Prompt –
Please write out only the lines from the one containing "grande remise de" through the last line of the listing. Do not include pictures.

Supplied information –
* * * * *
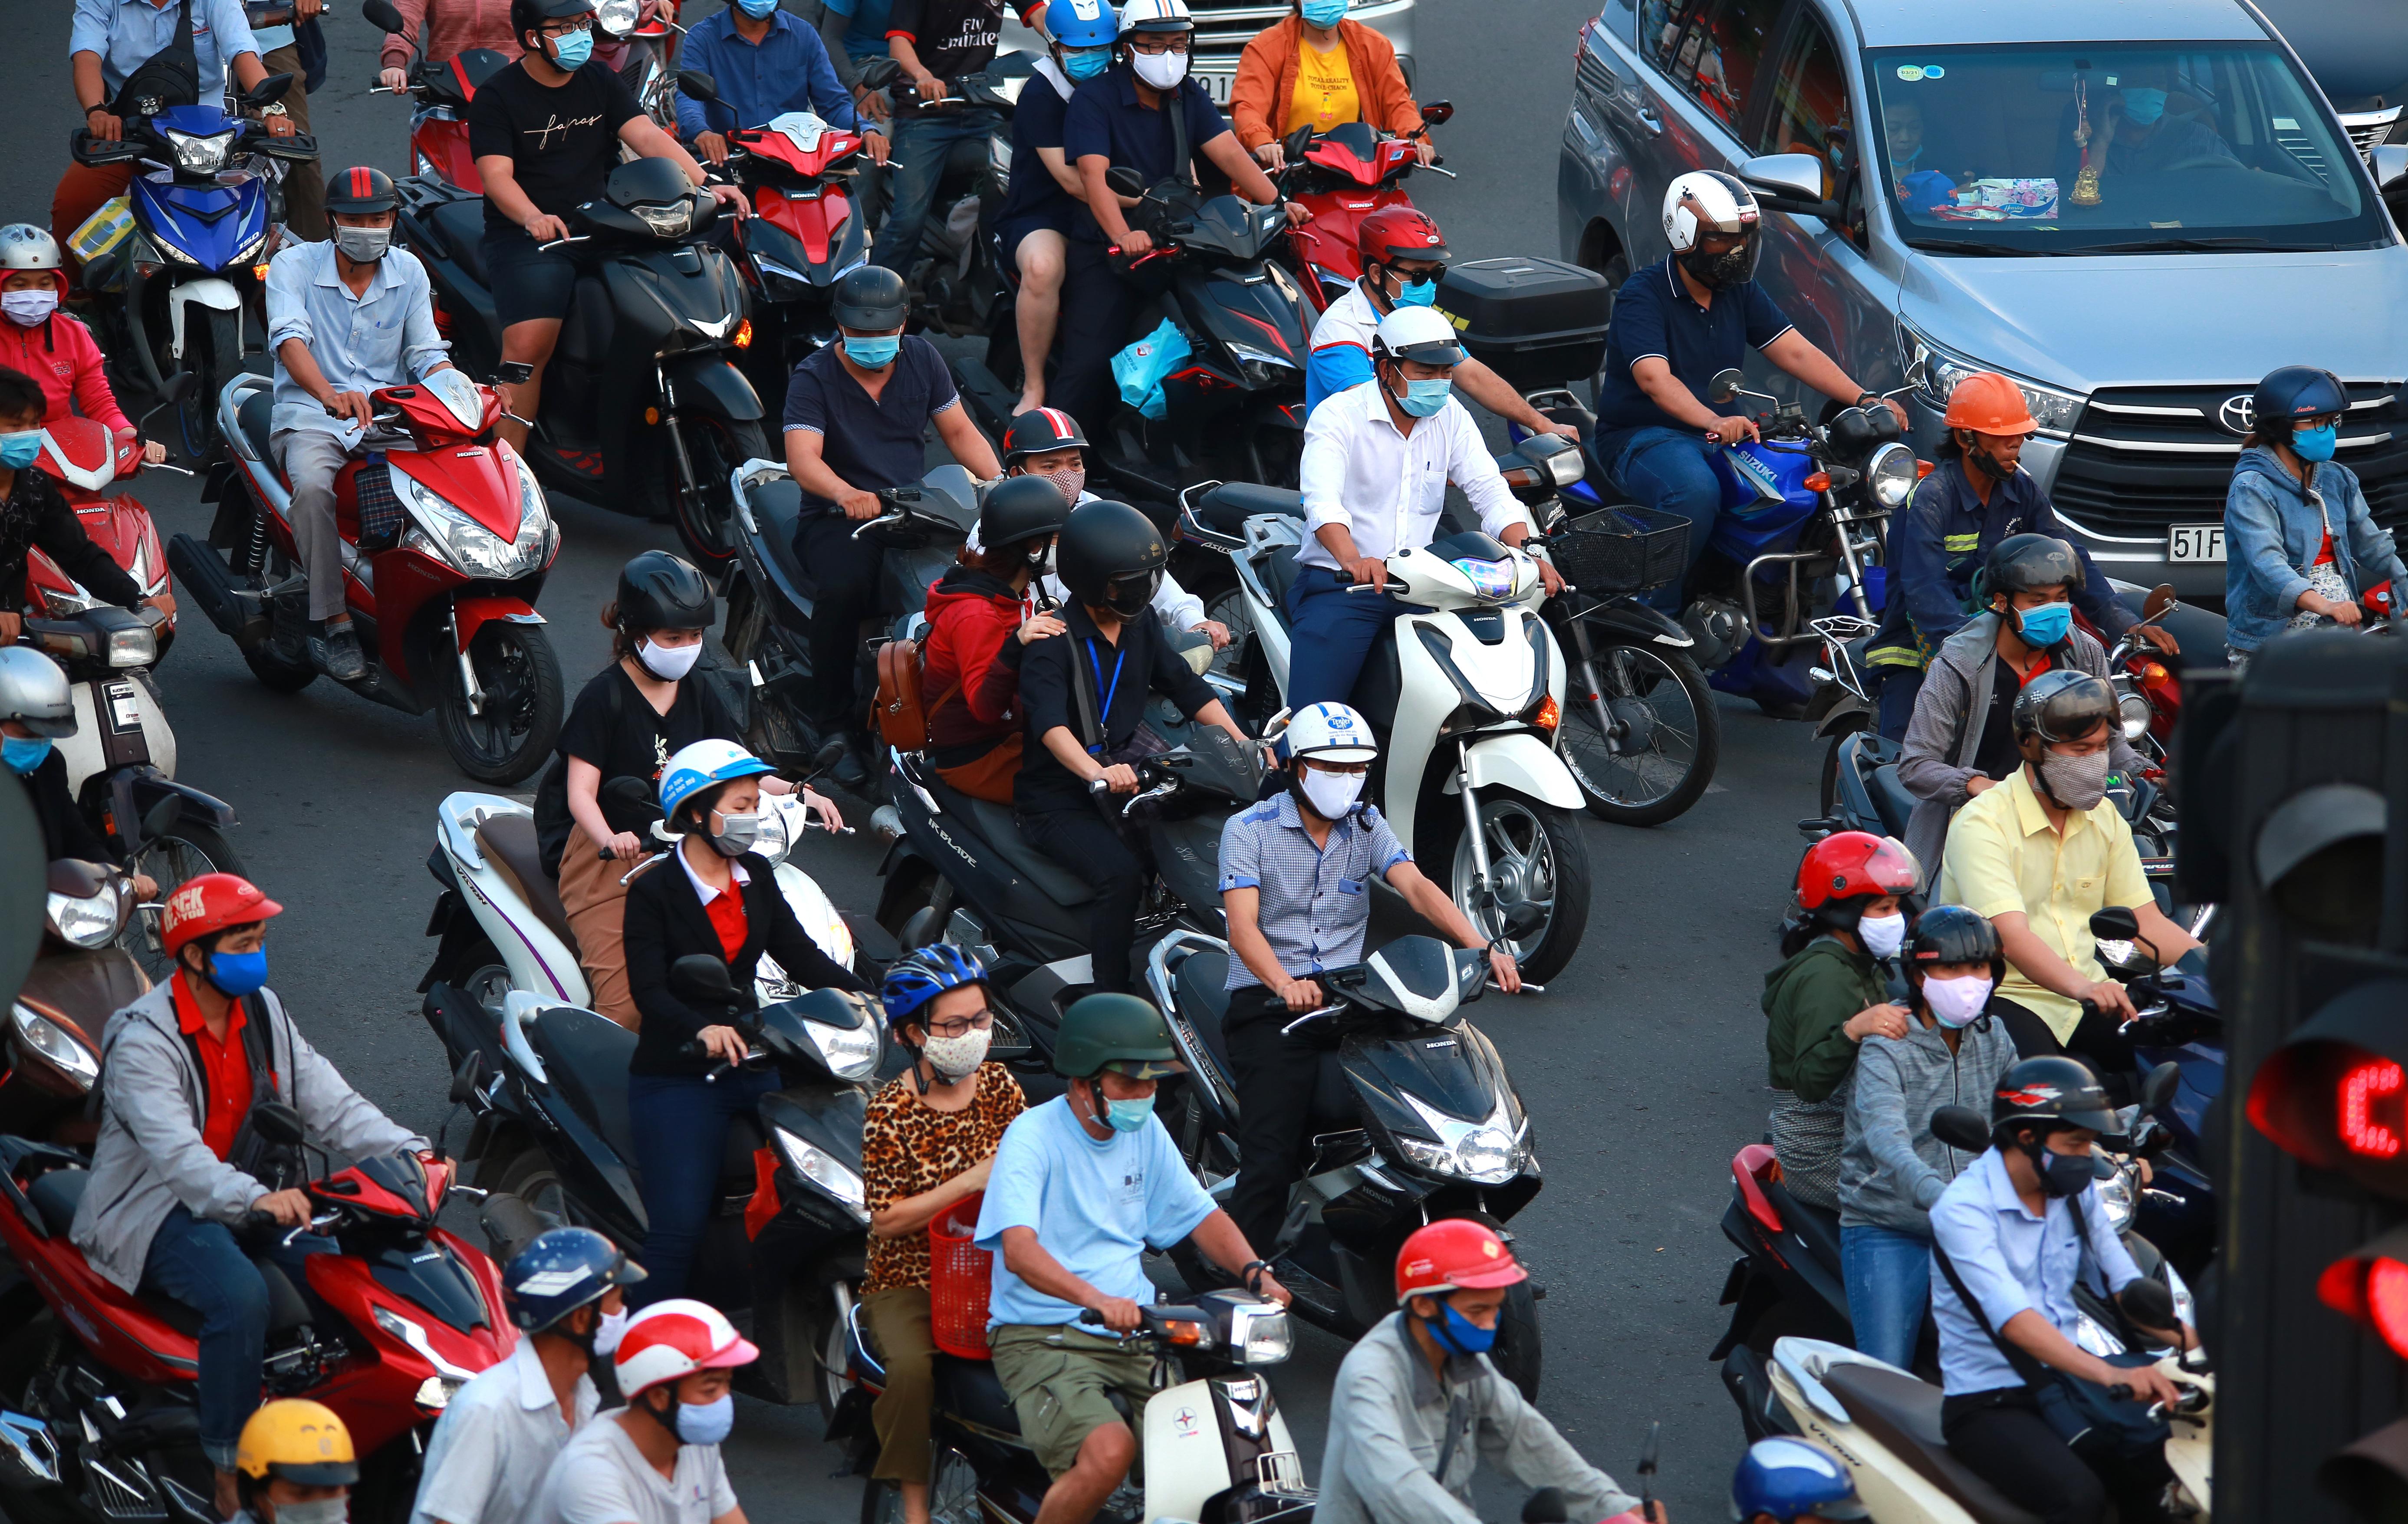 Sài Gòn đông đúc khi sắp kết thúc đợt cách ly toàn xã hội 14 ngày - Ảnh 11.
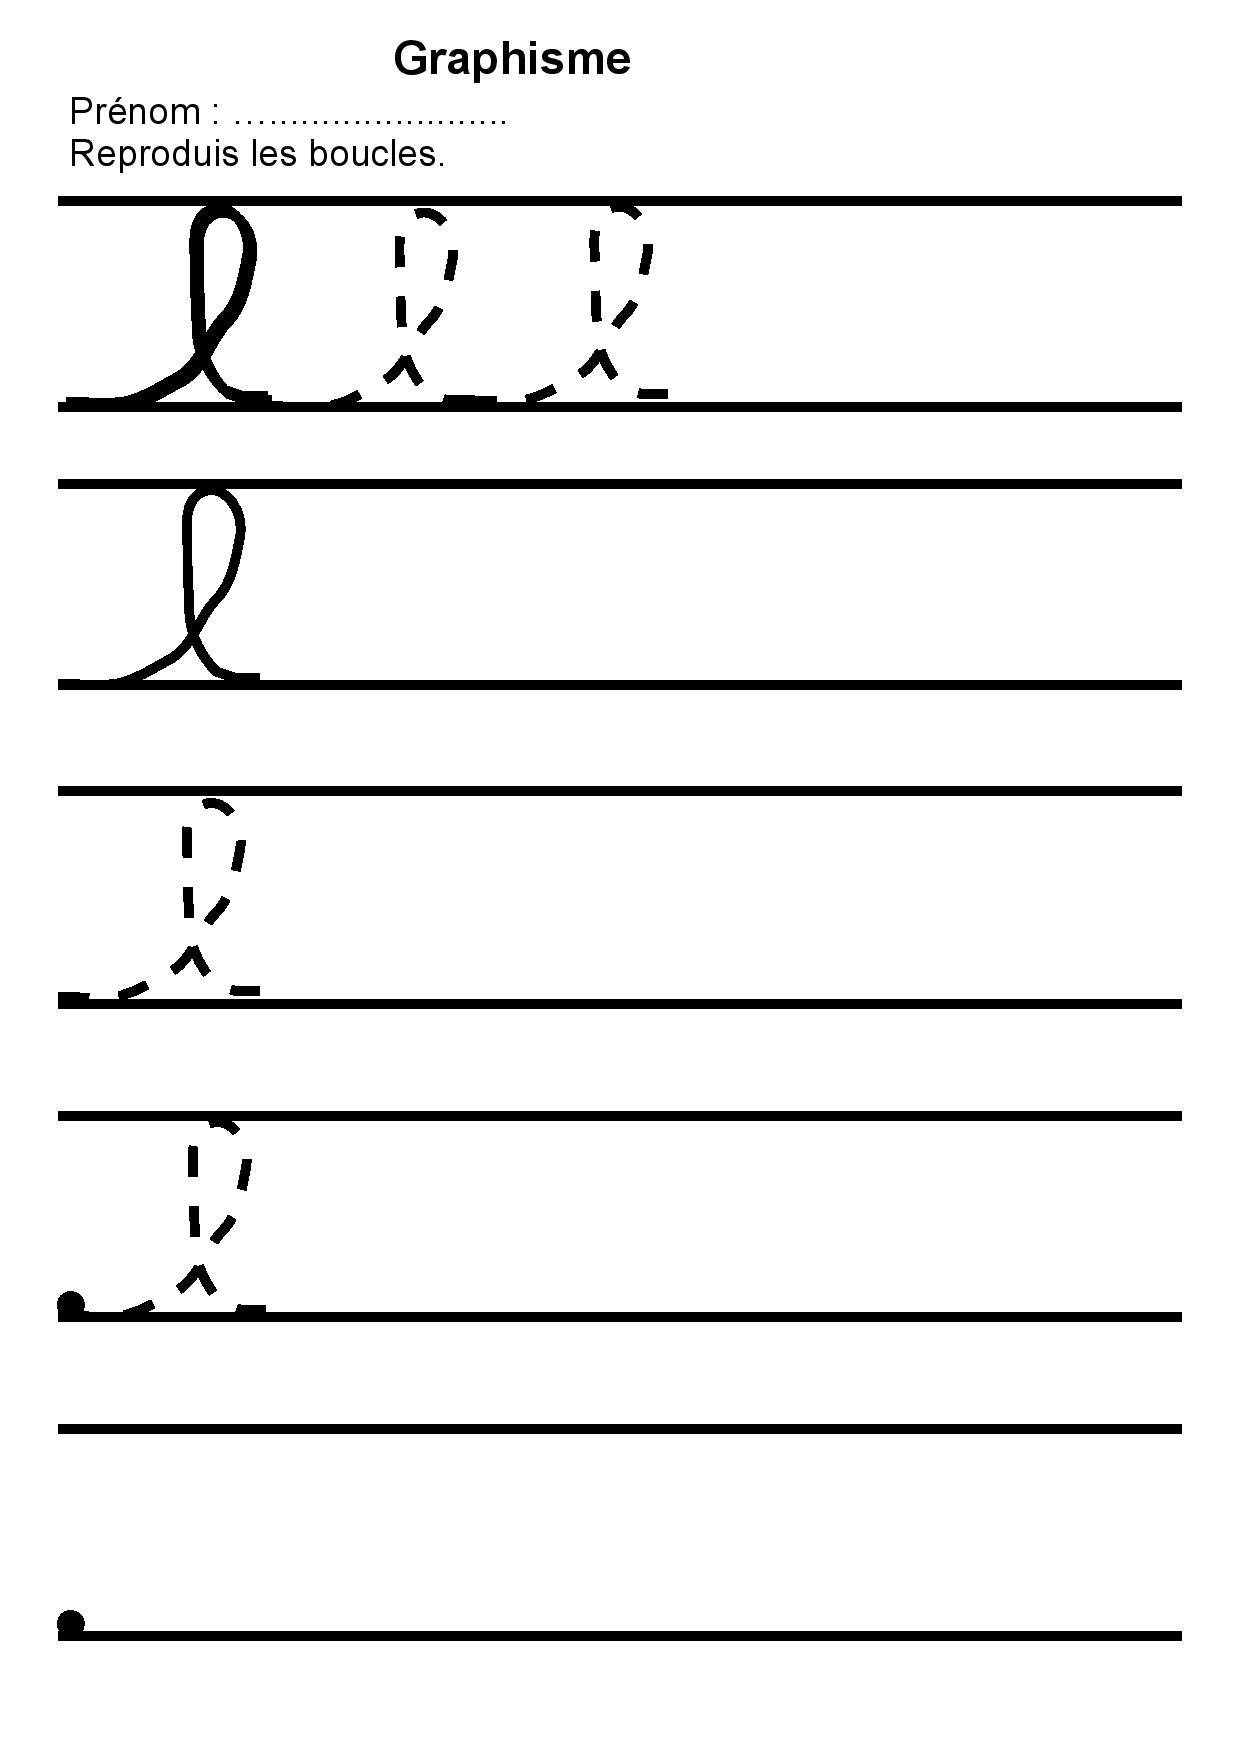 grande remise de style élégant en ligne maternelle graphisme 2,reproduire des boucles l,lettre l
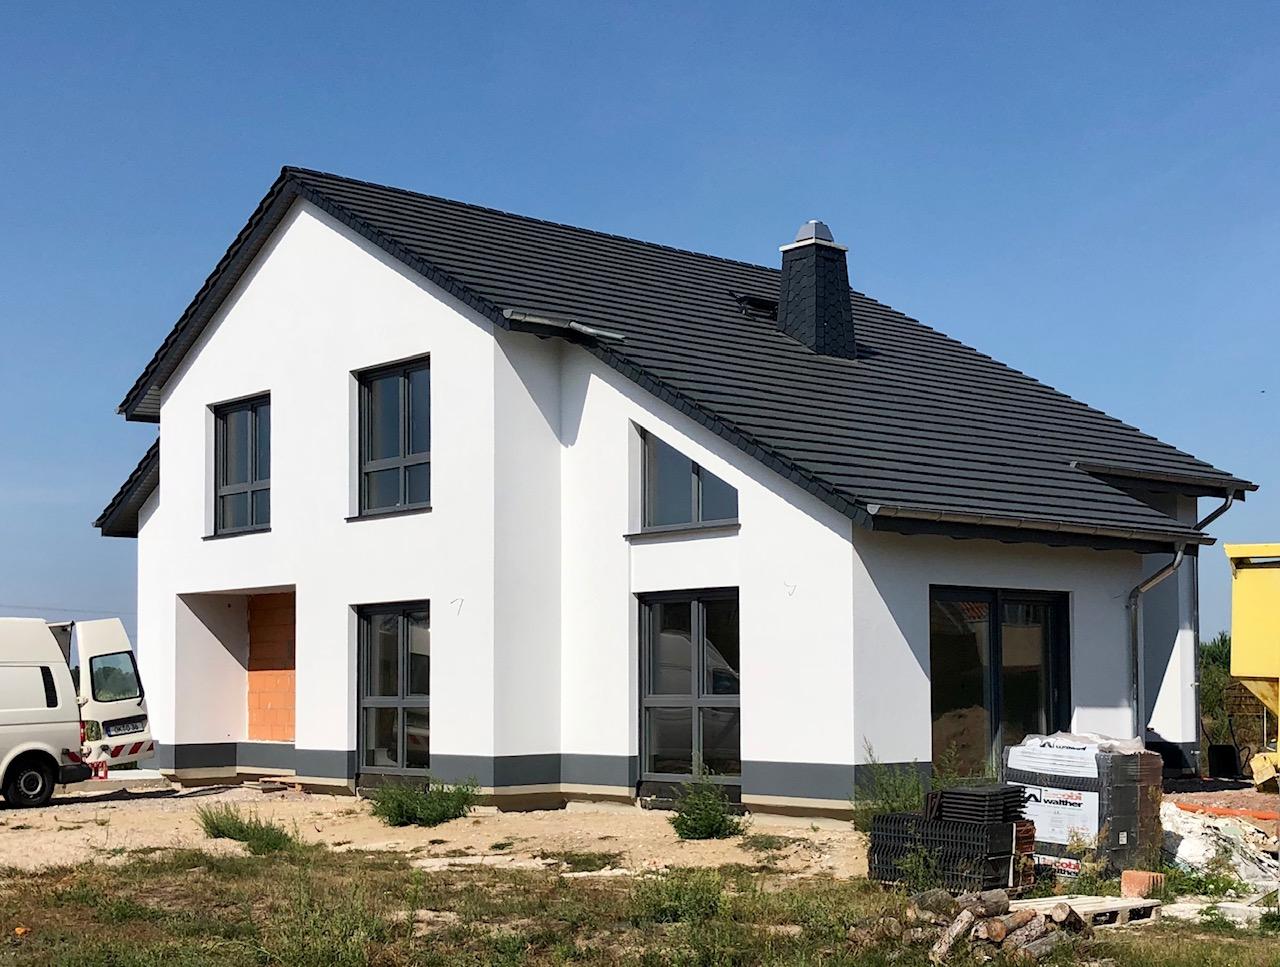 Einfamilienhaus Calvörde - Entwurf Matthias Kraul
* * * * *
Exercise output –
 grande remise de style élégant en ligne maternelle graphisme 2,reproduire des boucles l,lettre l
 Einfamilienhaus Calvörde - Entwurf Matthias Kraul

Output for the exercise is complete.